David: It sounds like they would like to keep the car and just get the in-laws off the lien. As a caveat I do not practice law in Arizona, so I am going off of legal fundamentals and the Arizona Department of Transportation’s form for lien release. Depending on what kind of lien it is once the lien is released from the in-laws that does not necessarily mean you are free and clear, but for a particular type of lien the lien holder just needs to fill out this form releasing the lien. This form can be found on the Arizona Department of Transportation’s website, once this is filled out you can take the necessary documents to register the car and get a title.
Ross: Lizzie’s friend was killed in a motorcycle accident, he had no will and was common law married but separated at the time of his death. His common law wife has a child that was four when they met, he claimed the daughter as his own. Prior to his common law marriage, he would have meetings with a friend that resulted in a son. He did not know this child existed until they were 12 years old, and the mother wanted nothing from him at that point. He would try to spend time with his son, but the mother did not allow this often. The mother wanted him to leave his common law wife and daughter to be with her instead. In retaliation to him saying no, she would not let him see their son. Now that he is deceased, the mother is suing the estate saying she is entitled since her son is the only blood related child. Does she have any rights to the estate?

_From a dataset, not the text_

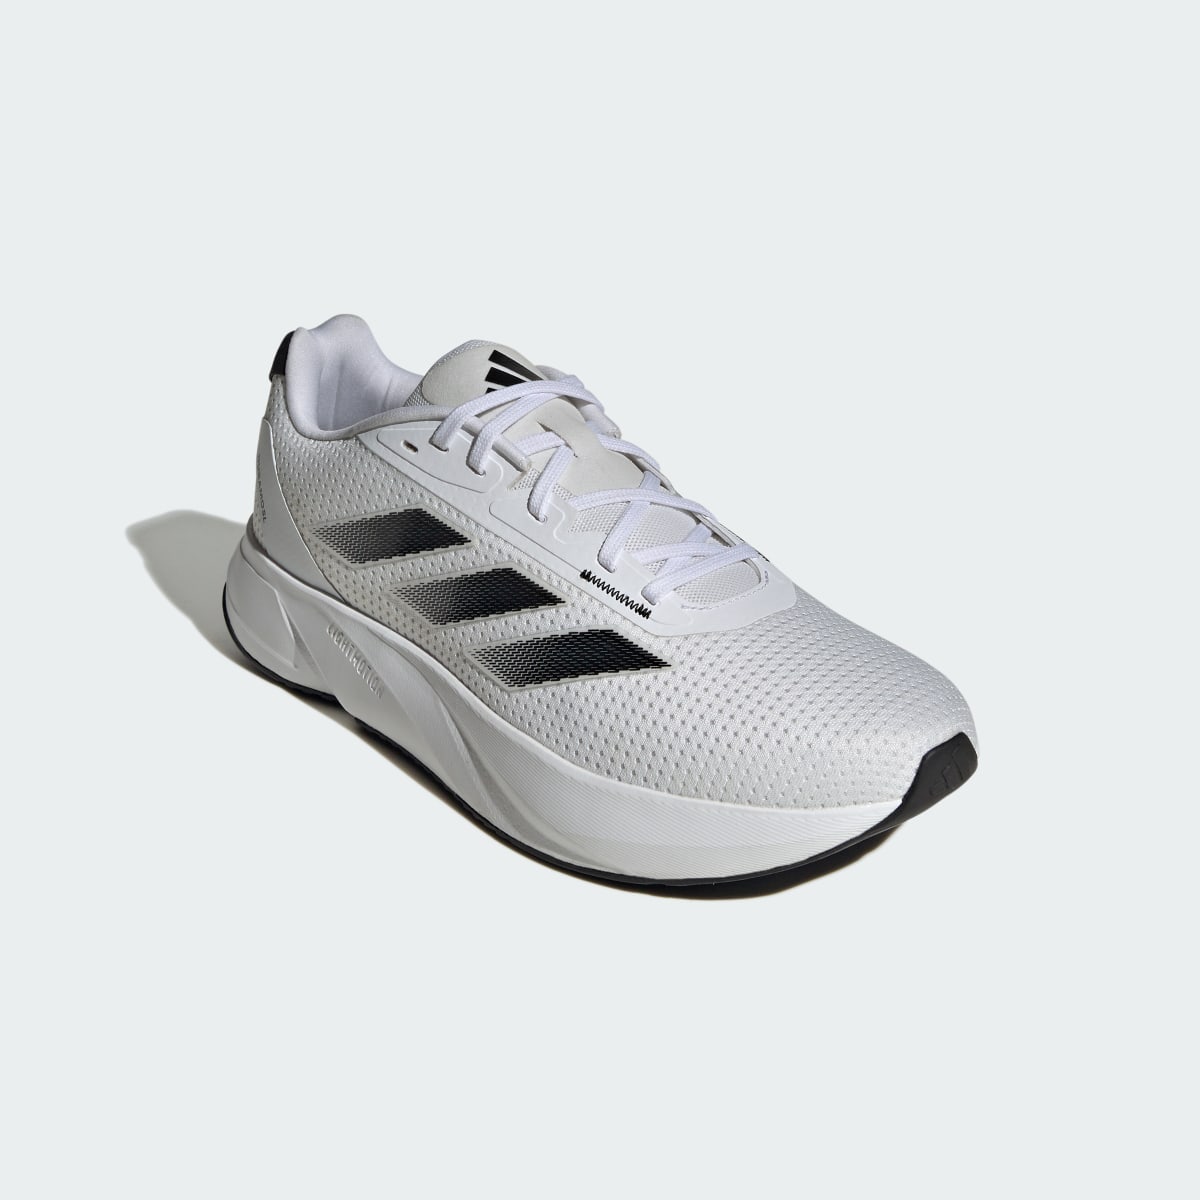 Adidas Duramo SL Running Shoes. 5

David: They have something in Colorado and a lot of states called intestate succession. If you die intestate, meaning you do not have a will outlining everything, there are statutes in Colorado under the probate code to dictate how your assets are distributed to the people that you have left. A common law wife would have all of the rights of a spouse who has filed a marriage certificate, assuming that the have met all of the criteria to be considered common law. There is no such thing as common law divorce, they would have to go through divorce proceedings. So, let us assume that he was married at the time of his death to a woman who has a child from a previous relationship. He also has a biological son who is now of majority age. The spouse gets an immediate share of a person’s assets up to a certain amount. Beyond that amount, they get a percentage share of what is left. In a situation where you have a child from another relationship, and then you also have a spouse, typically the surviving spouse gets the first $150,000 plus one half of any of the balance if the other child is from a different marriage. This is all based on the way I understand the situation and read the probate code. I do not practice probate law, so you need to confirm this with a probate lawyer. Since the son is now an adult, his mother does not really have any claim to this money, the son does.

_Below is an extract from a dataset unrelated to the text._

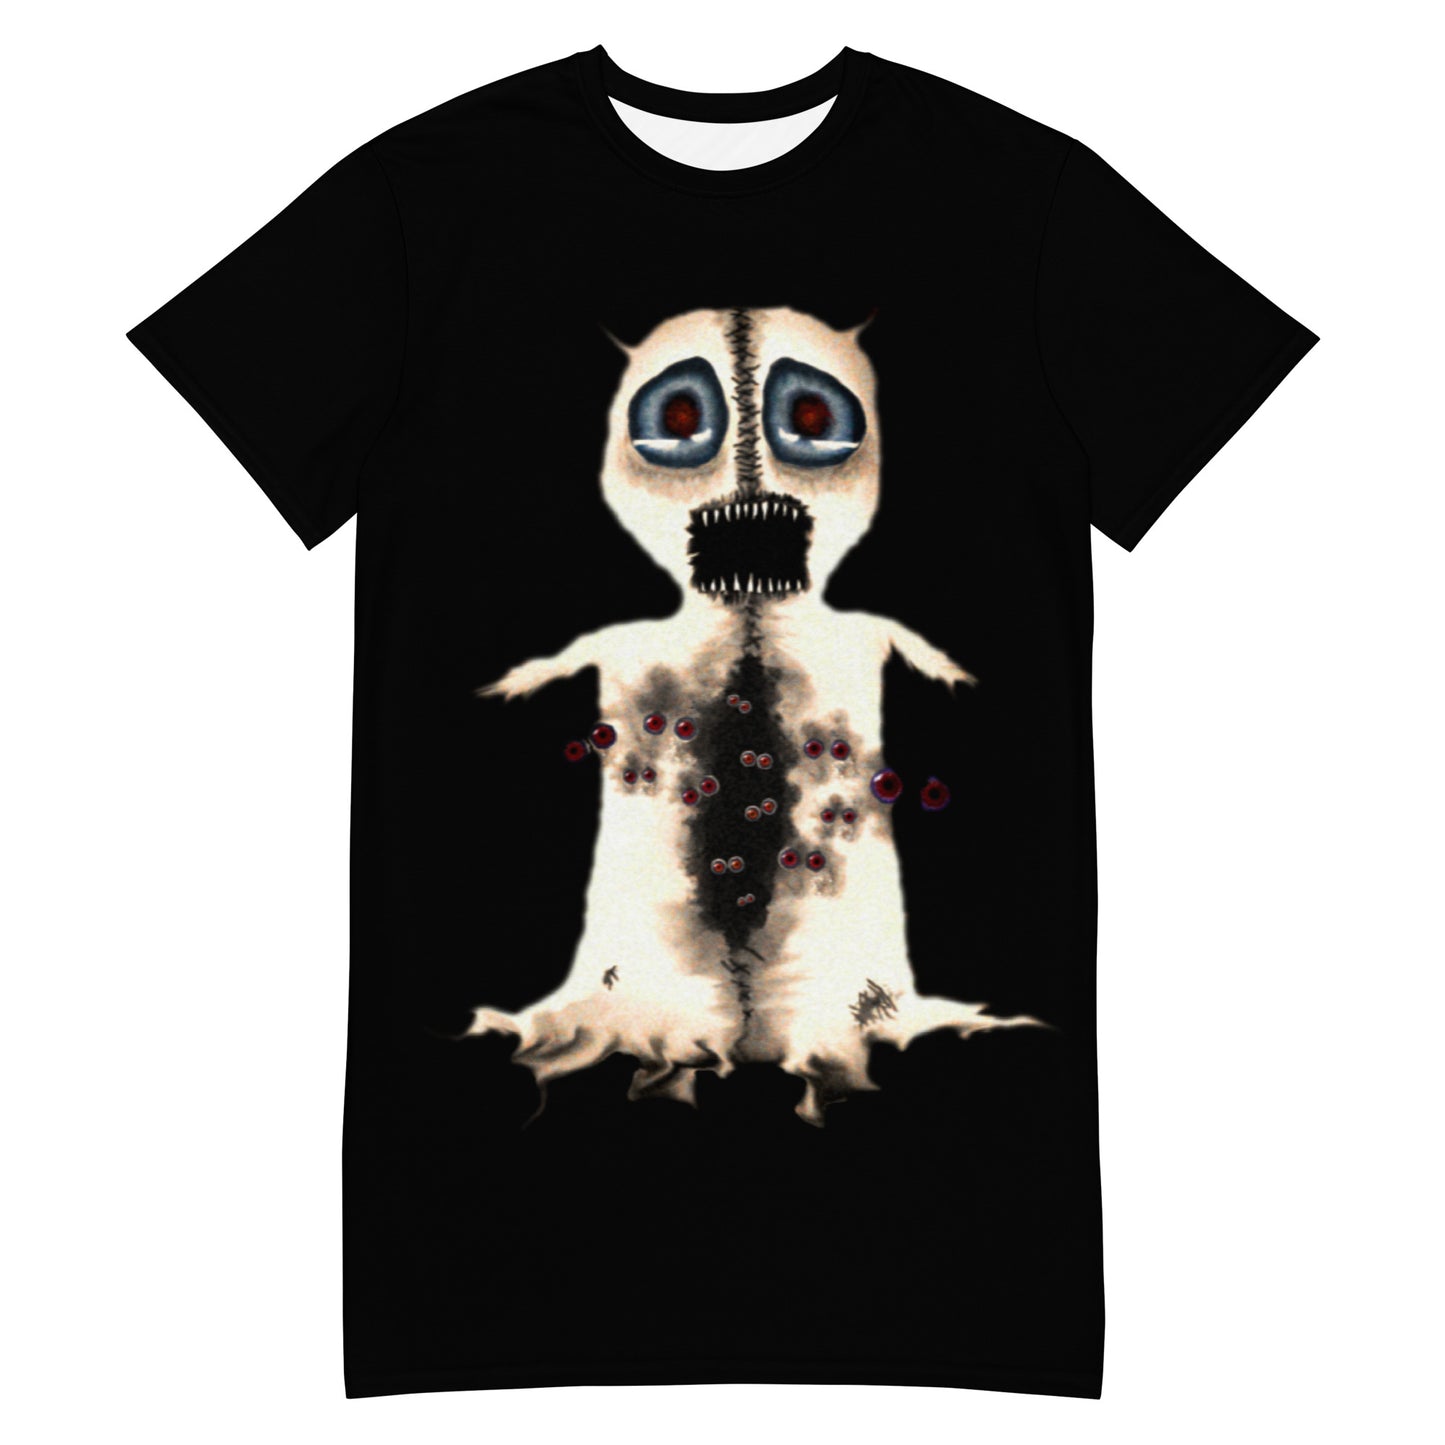 Devilghost T-shirt dress – Online Exclusive

Ross: Chad’s daughter fell in love with an ex-con and they got married. The wedding night ended in a domestic violence case. They bought a house together, but because of his past he could not get any of the financial paperwork to be put on the loan. His daughter put him on the deed along with hers when they moved in together. He is now living in the house, and she is not for the last two and a half years.
David: Since he is on the deed, he will stay on the deed, unless you can force him off or he agrees to be off of the deed. If he is not going to agree to voluntarily give up his name on that house, you will have to file a quiet title action. That is one way to do it. Again, I am not a real estate lawyer, and I really think she needs to consult with one.